How do I convert a custom data type back into regular columns?

You can always expand the custom data type into normal columns. Select the custom data type column header, use the Insert Data button, and choose all the fields. Excel will generate standard columns for each field that stay linked to the custom data type. If you need purely static values, you can copy the expanded columns and use Paste Special > Values. However, static values will no longer refresh when the query is refreshed.

When should I use the Data Model instead of custom data types?

The Data Model (Power Pivot) is ideal for large, star-schema-style models where you want to use DAX measures and PivotTables for aggregation. Custom data types shine when you want compact, object-like representations of entities directly in the grid and want to use regular Excel formulas, dynamic arrays, and charts without always going through PivotTables. In many cases, the best practice is to combine both: use the Data Model for heavy aggregations and custom data types for user-facing summaries, drill-through, and what-if analysis.

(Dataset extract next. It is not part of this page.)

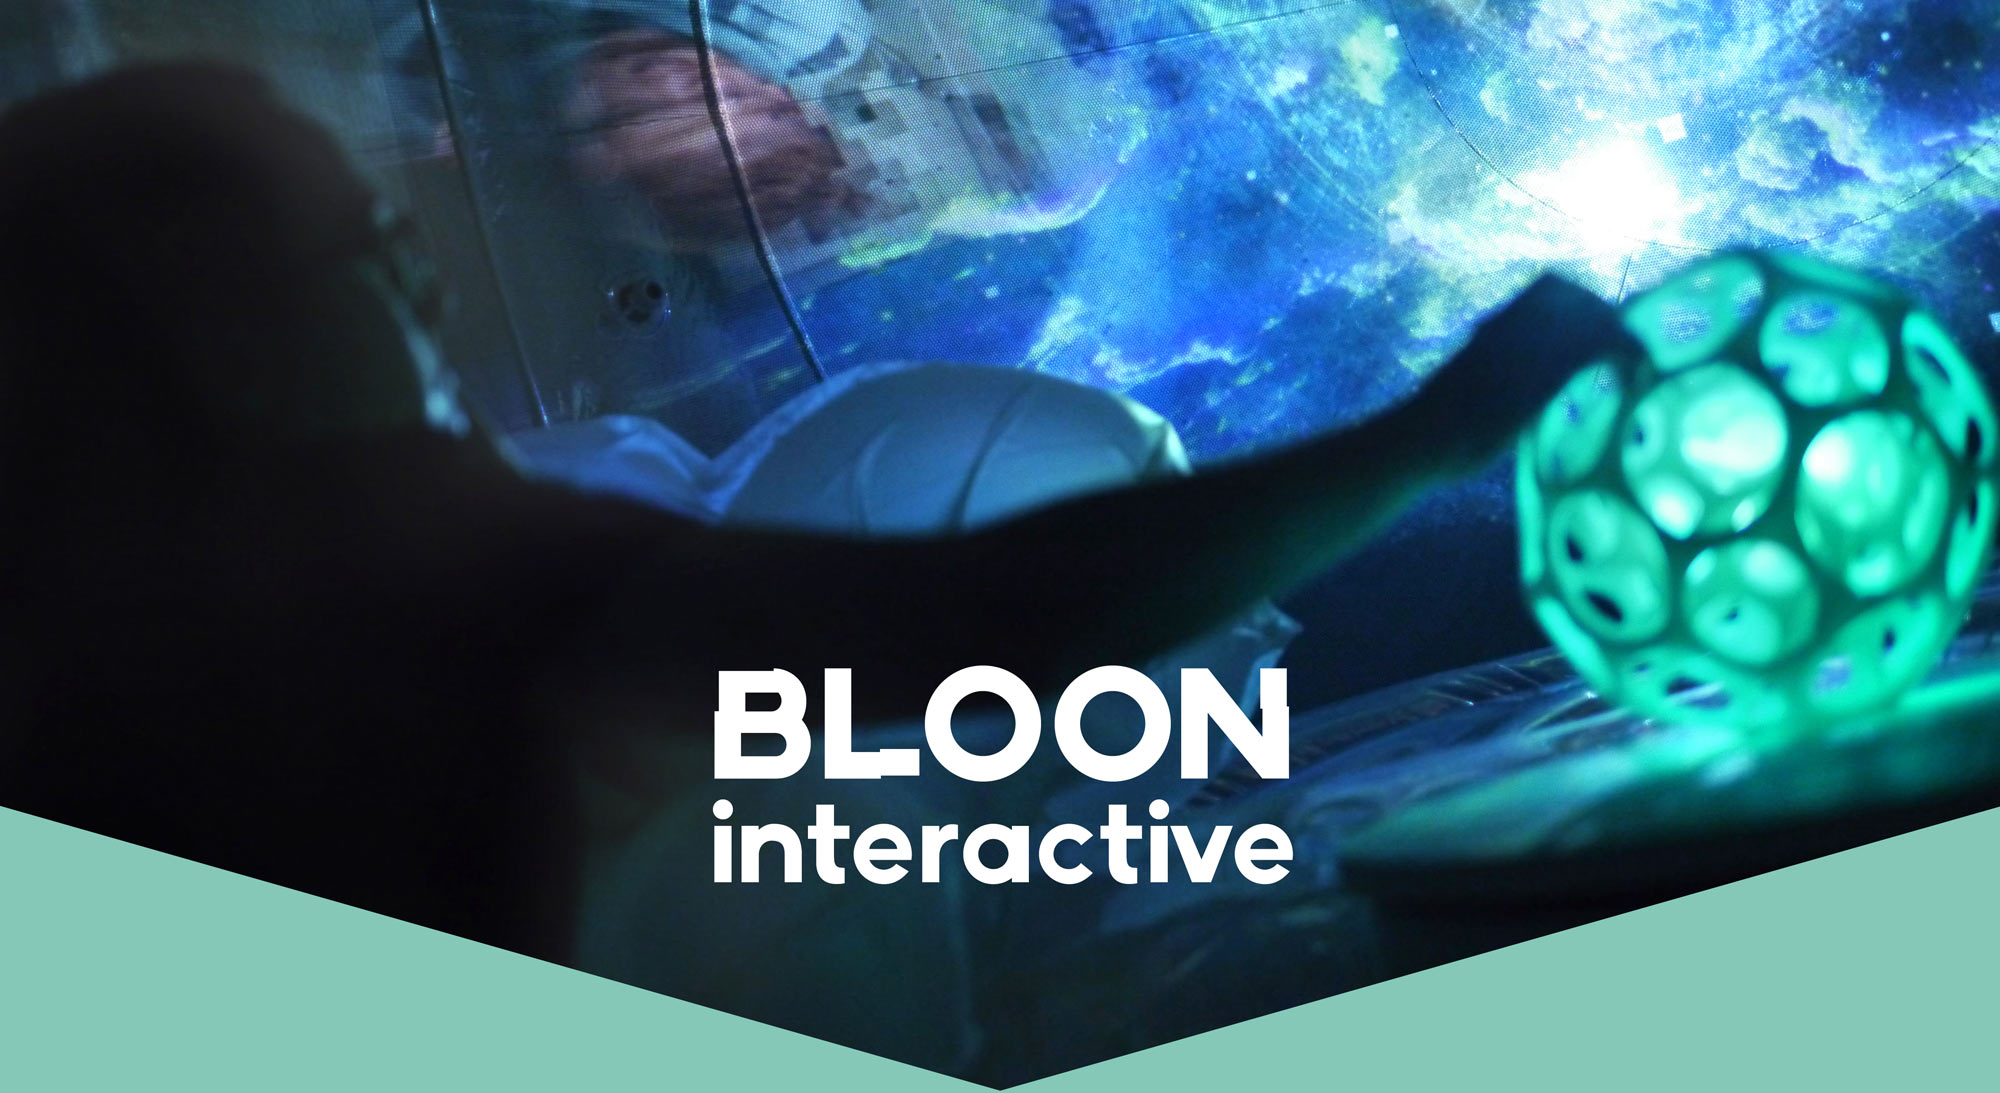 BLOON interactive

What happens if I rename or remove a field from the custom data type schema?

Formulas that reference that field may break or return errors because the field is no longer present in the underlying record. Likewise, card views may show fewer fields than before. For low-risk changes, update the schema and then systematically test reports that reference the affected data type. For critical models, consider versioning schemas, or introducing new fields alongside existing ones before fully deprecating the old names.